Everything seems wonderful when you’re engaged and preparing to get married. Here are four relationship skills to keep it that way.
You may have only been dating a short time, or you may have dated for years before taking the plunge. You may have lived together, or you may not live together until you get married. Either way, you are at the height of your bliss together, and you can’t wait to start your lives together. Here are four skills to master for a long and happy life together.
1. Good Communication
Good communication is essential to a healthy marriage. If you don’t know how to communicate well, you will cause fissures to form in your relationship that will eventually become cracks and then gaping holes. But communication problems can be fixed in most cases.
What we’re talking about when we say “fail to communicate” is failing to talk about the big things: Your values, your goals for life, your vision for the marriage. In most cases, these are things that will come out while you’re dating, but not always. You can’t assume that your partner wants to have children just because she never said that she didn’t. You should talk about whether you want to have children and how many, where you want to live, how you’ll spend your money, whether you want aging parents to live with you, and so on. Other issues to address include monogamy, alone and family time, friendships, and jobs.
2. Know how to budget
Financial issues are at the top of the list for why couples fight. Financial arguments routinely lead to the demise of a marriage. Overspending at any point in your relationship can lead to serious financial problems that will be a burden on your marriage and cause regular fights and resentment.
You are very likely to overspend before you get married – on the wedding. In fact, you could end up thousands of dollars in debt before you officially begin your lives together. Many couples feel they should “splurge” because it’s a once-in-a-lifetime event. But once all the dancing and revelry is over, they find themselves working all the time and eking by as they pay off their debt. Their quality of life is much lower, and they will end up stressed and fighting all the time.
3. Getting along with In-Laws
Your relationship with your in-laws is never going to be perfect. No relationship is. No one has to try to be best friends with their mother-in-law or try to hang out every weekend with their brother-in-law. But poor relationships with the in-laws will lead to serious trouble with your marriage. At first, the problems will be a source for squabbling or regular fights, but they will eventually breed resentment and contempt.

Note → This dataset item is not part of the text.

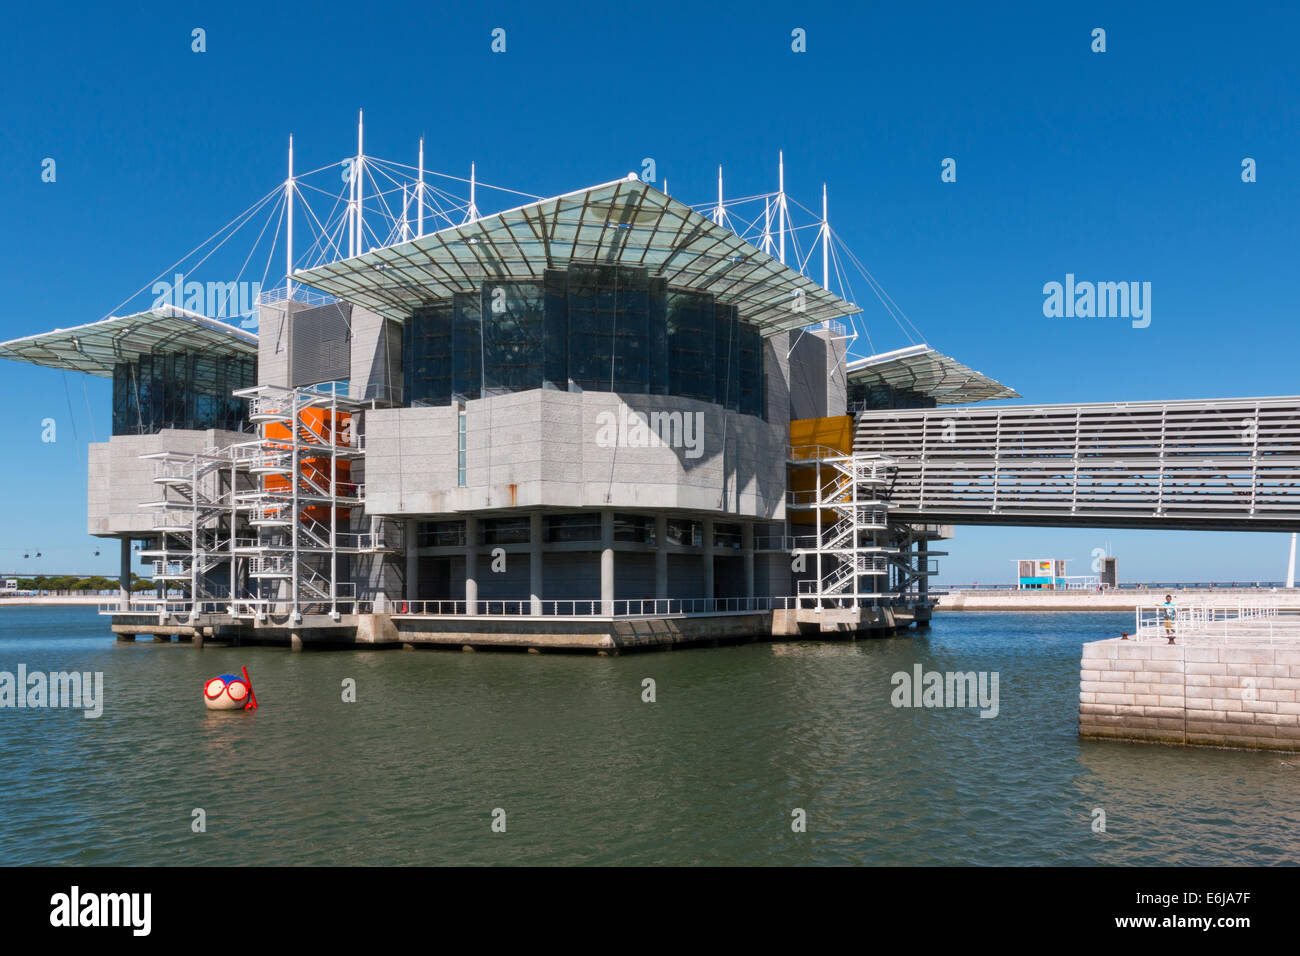 Lisbona, Portogallo - Agosto 07, 2014: Oceanarium di Lisbona, la seconda più grande oceanarium nel mondo e il più grande in Europa. Parque das Nacoes Foto Stock

Little problems may not seem like a big deal right now, but they will be later. For example, your future mother-in-law might feel hurt that you don’t include her in the wedding planning, but you think that she’s being too pushy and trying to take over your big day. Your fiancé just wants you both to get along. Over the years, that bad blood may get worse. Your mother-in-law may continue to think that you don’t make an effort with her, and you may continue to think that she’s intrusive and pushy. Your husband may feel caught in the middle, and he may resent you both for a perceived lack of effort or fault.
Pick your battles. Let things go that don’t really matter, and do what you can to bolster your relationships. Having a good relationship with your in-laws will help you have a better relationship with your spouse.
4. Be Honest
Lying is something that many can forgive but that most will be able to forget. If you show an ability to lie even once or even about small things, your partner is likely to be wary of things you say or do, knowing that you have broken trust before.
Honesty is king. It is much better to explain yourself and deal with the argument or ask for forgiveness than it is to betray your beloved’s trust. You may not be able to ever fully win back that trust again – and that spells doom for your marriage.
Things that happen before you are married may seem small and insurmountable, but they aren’t always so. The memory of some things can linger and cause doubt and resentment to fester. Some things, like overspending, can just compound and grow into bigger problems during your marriage. It is important that you give the present just as much importance as your future when you are making decisions. Your future happiness depends on what you do now.